The Latin name for these delicate members of the shark family is Galeus melastomus, and until a few years ago, they were almost un-heard of in Ireland. They are reasonably common in the deep waters of Western Scotland, but began to show up in good numbers around the Ulster coastline when small-boat anglers became proficient in deep-water anchoring. The Black-mouthed Dogfish is easily recognised by the anaconda-style elongated markings along the flanks and, as its name suggests, the inside of the mouth is completely black!

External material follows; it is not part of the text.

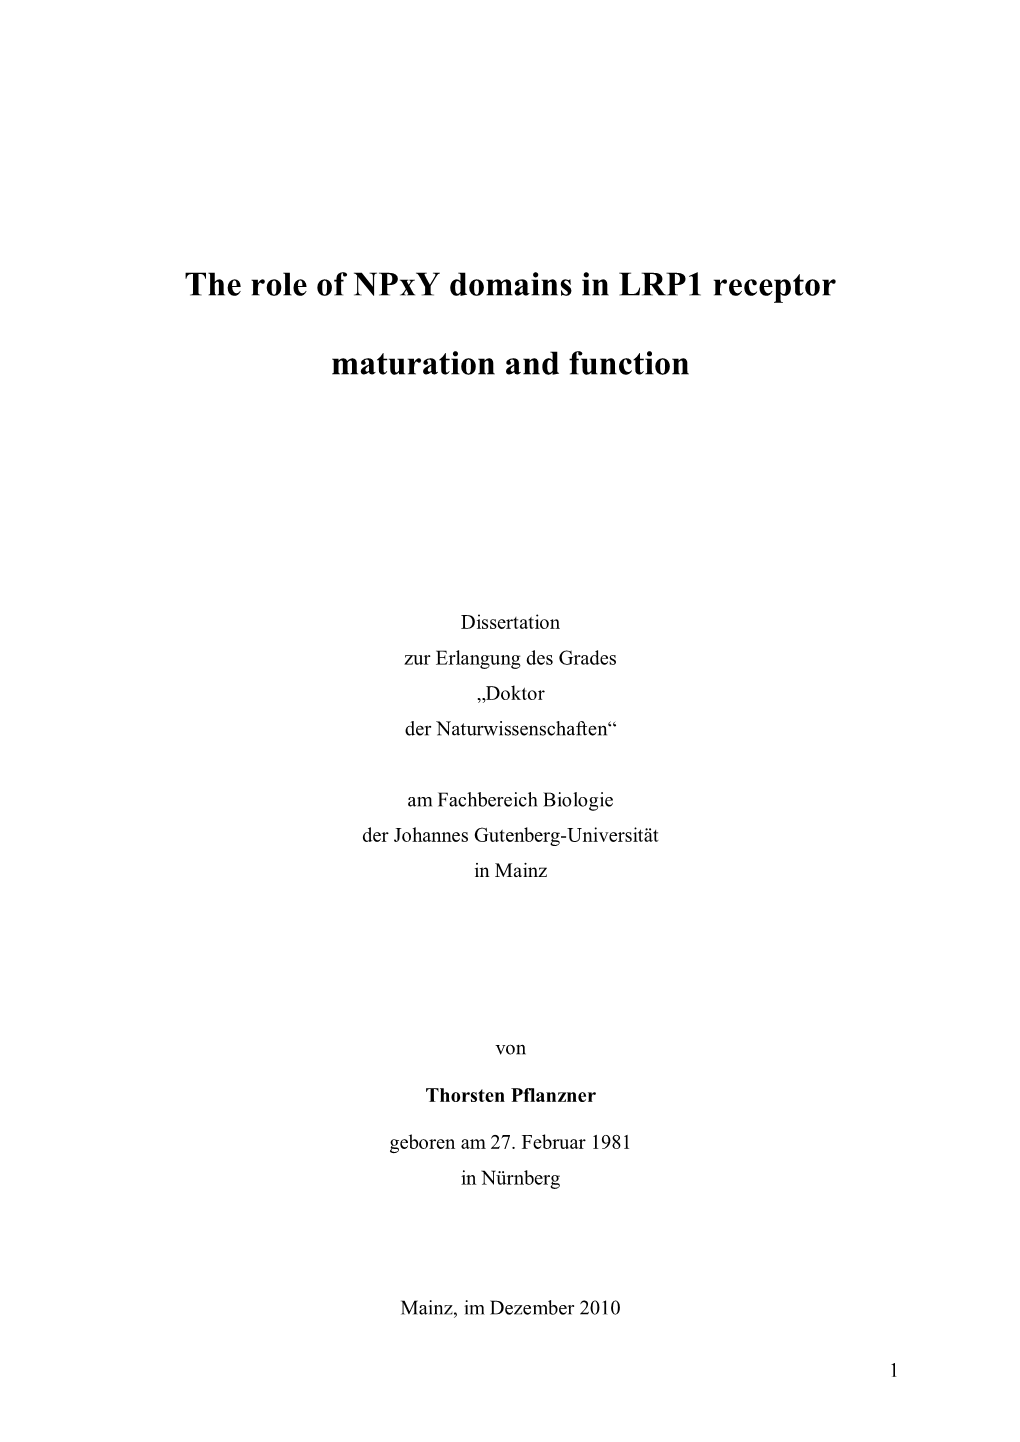 The Role of Npxy Domains in LRP1 Receptor Maturation and Function

By submitting many detailed catches to the Irish Specimen Fish Committee over a period of three years, the organisation eventually recognised Black-Mouthed Dogfish as a new species in Irish waters and a viable angling target. As a naturally small species similar to the Lesser-spotted dogfish, there are no fighting qualities to be had, only an interesting curiosity in seeing this stunning little shark first hand, in all its glory. Their eyes are large and specifically designed for hunting in deep, cold waters and as with most shark species; they are equipped with a multitude of sensors to detect prey. In fact, their head is basically a living radar dish!
For such a small shark, they have a huge appetite and will take large baits destined for other species. The bite indication on the rod-tip would suggest a much larger fish has shown an interest, but once hooked, it’s a matter of reeling it to the surface with little feel of any fish at all on the line! Saying that, it is always a delight to see a Black-Mouth Dogfish break the surface.
As a point of interest, one female Black-Mouth actually dropped six egg-cases on the boat deck whilst un-hooking. I carefully put them in water and delivered them to Exploris, my local public salt-water aquarium. The gestation period was nine months, when all egg-cases successfully hatched. I believe this is the first time this has occurred in captivity. The young sharks were perfect replicas of the adult fish.